Where do we go from here?

AI-driven assessment is not going away, but how it is implemented will shape the future of fairness in testing. Key areas for improvement include:

Greater transparency in AI scoring

Candidates should have clearer insights into how AI evaluates responses and why certain scores are given. At present, many AI-driven assessments function as ‘black boxes’, where test-takers receive scores without a clear explanation of how their responses were analysed. Transparency could be improved by providing detailed scoring rubrics, exemplars of high- and low-scoring responses, and, where feasible, interpretability tools that allow candidates to see how their performance aligns with assessment criteria. This would not only increase trust in AI assessments but also help candidates better prepare by understanding what is being measured.

Ensuring accessibility for all learners

AI testing should be designed with diverse learners in mind, ensuring no group is disadvantaged due to socio-economic background, language variety or access to resources. Research has shown that digital assessment platforms can inadvertently disadvantage candidates who are less familiar with technology, raising equity concerns. In addition, AI speech recognition systems may not always accommodate different accents, dialects or speech patterns, leading to potential biases in scoring.
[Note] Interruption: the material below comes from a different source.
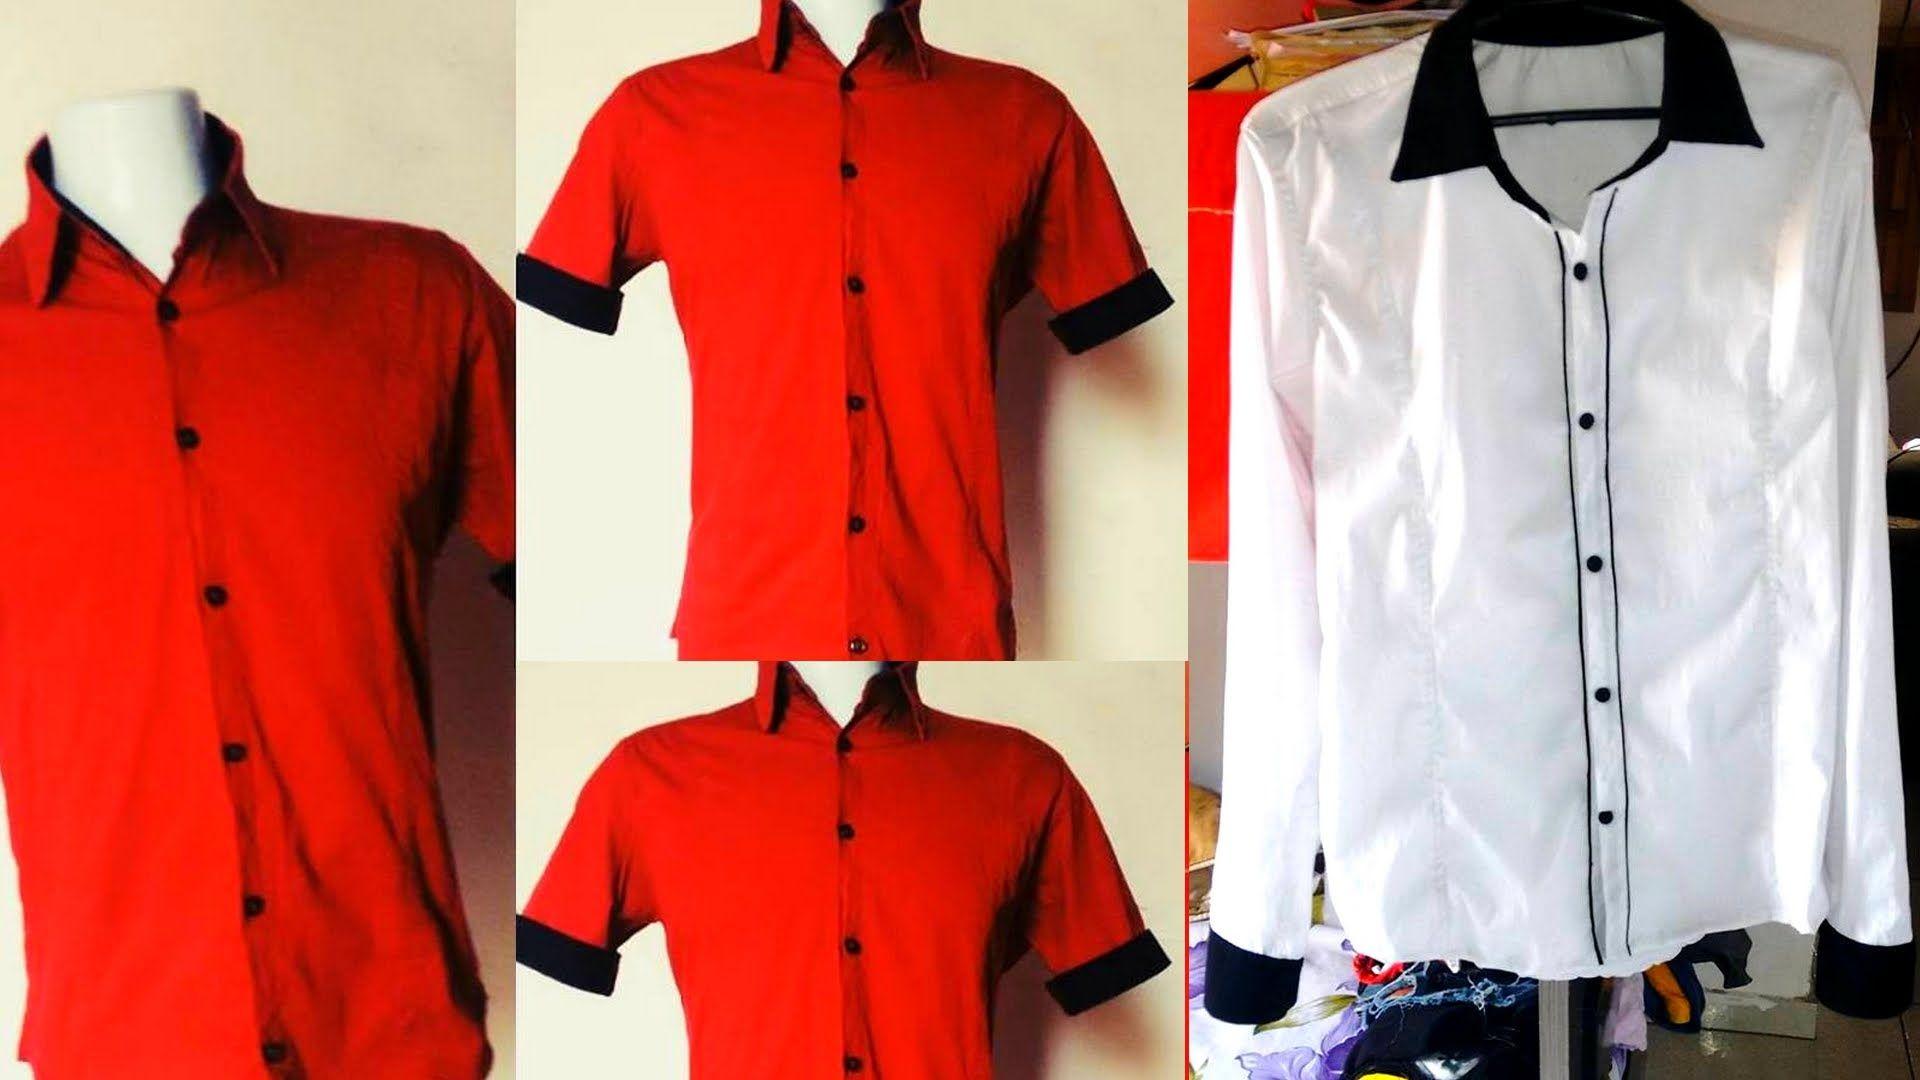 b007aad1bf9e2 Aprenda passo-a-passo: modelagem rápida de camisa social slim fit ...

To address this, developers should implement rigorous fairness auditing, expand training datasets to encompass a broader range of linguistic and cultural backgrounds and provide accessible test interfaces with accommodations for neurodivergent and disabled candidates.

Balancing AI efficiency with human oversight

While AI offers strengths in consistency, scalability and rapid processing of assessments, human judgement remains crucial in evaluating complex responses, particularly in areas such as spoken language and critical reasoning. AI systems currently struggle with nuanced aspects of communication, such as irony, cultural references and rhetorical sophistication. A hybrid model, where AI handles initial scoring but human examiners review borderline cases or particularly complex responses, could ensure fairness while maintaining efficiency. Institutions should also consider periodic audits of AI-generated scores by human assessors to detect systematic biases and refine scoring algorithms accordingly.

At UCL, researchers continue to explore these issues, examining how AI can make assessments more effective, reliable and fair. Our collaboration with Pearson has provided the basis for valuable insights into how test takers experience AI-led exams and where further refinements are needed.